В какой-то момент, покидая столовую, Жюстин показалось, что сейчас за ними увяжутся все коллеги, но Хейнц попросил их остаться. Наедине с ним Жюстин снова почувствовала себя неуютно. Даже неуютнее, чем когда была ренегатом среди коллег.
— Думаете, Марк будет ревновать? — спросил её Хейнц.
— Нет, — соврала Жюстин.
— Если будет, то можете сказать ему, что меня не интересуют женщины.
— Вас не интересуют женщины?
— Я говорю сейчас о Марке.
— Марк переживёт.
Они вышли на крышу. Небо было безоблачным, синим. Морозный воздух — чистым, свежим.
— Вот морг и остался позади, — неуклюже пошутила Жюстин.
— А говорили, не разбираетесь в классиках.
— В каких классиках?
— Сол Камеда.
— Ах, это… — Жюстин подошла к краю крыши, позвала Хейнца.
— Что там?
— Отсюда сегодня я увидела вас.
— И что?
— Не знаю… — она смутилась. — Мне казалось… казалось, вы хотите увидеть это место… Для вашей книги… Помните?
— Для моей книги нужны люди, а не места. Место лишь декорация. Я не художник-пейзажист.
И снова повисла неловкая пауза. Пауза, которая заставляла Жюстин чувствовать себя голой. Вот она стоит под этим синим зимним небом в чём мать родила, а Хейнц разглядывает её, изучает, словно она экспонат.
— Я вас смущаю? — спросил её Хейнц.
— Почему вы должны смущать меня? — она спешно тряхнула головой, поёжилась. — Здесь просто холодно.

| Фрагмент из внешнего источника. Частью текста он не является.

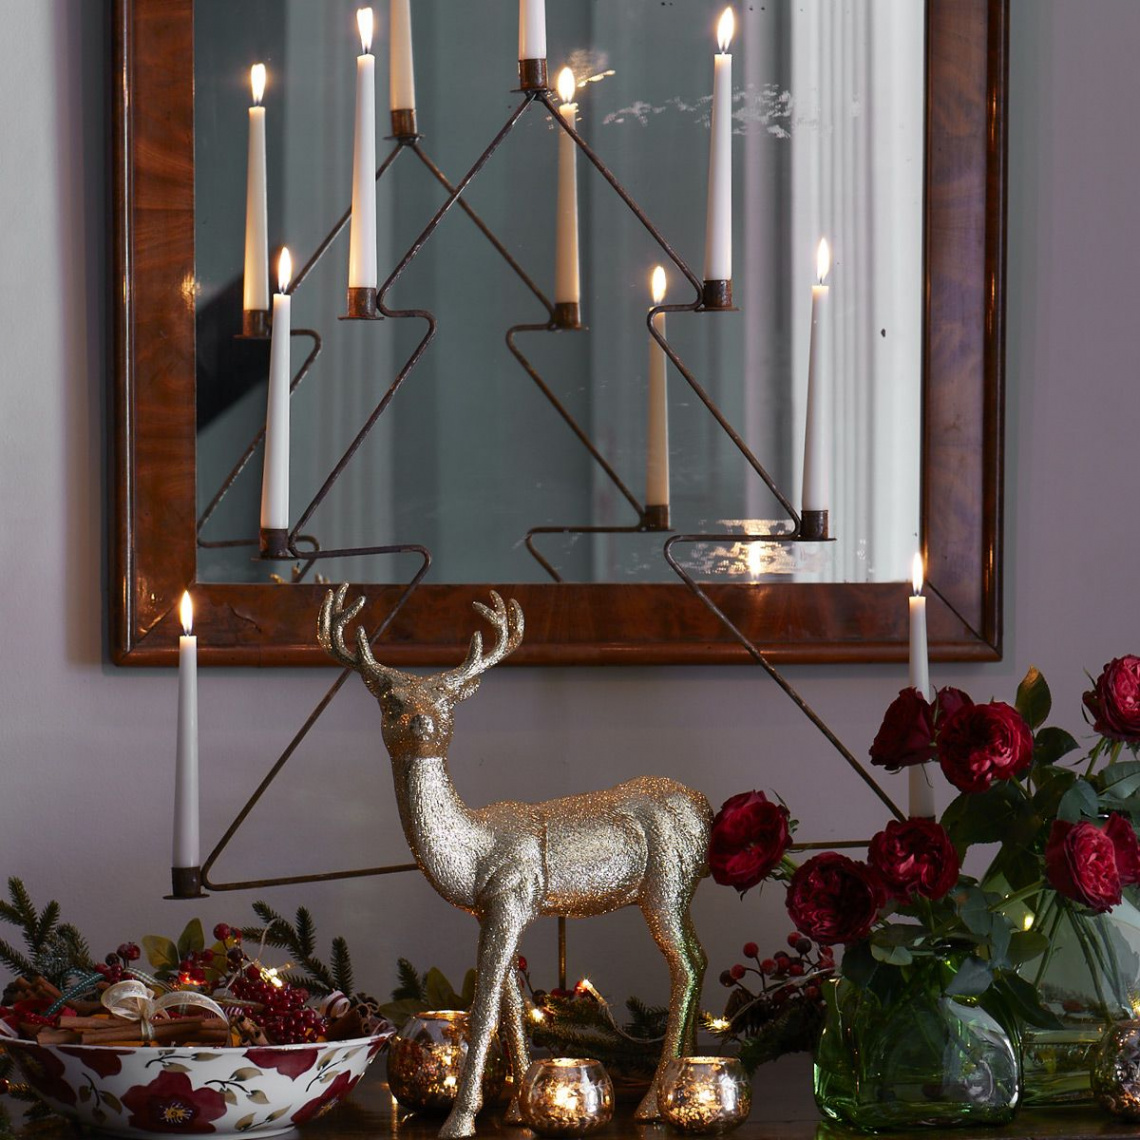 How to decorate your hall for Christmas - Christmas decor

— Хотите надеть мою куртку?
— Зачем? Мы ведь не собираемся стоять здесь долго. Верно?
— Я не знаю.
— Но…
— Расскажите мне о себе.
— Зачем?
— Просто интерес.
— Что может быть интересного в жизни инженера?
— Вы скажите.
— Я не знаю.
— Вам не нравится ваша жизнь?
— Нравится.
— Ну, вот видите. Уже что-то, — Хейнц улыбнулся, подошёл ближе. Жюстин попятилась, упёрлась спиной в перила. — О чём вы сейчас подумали?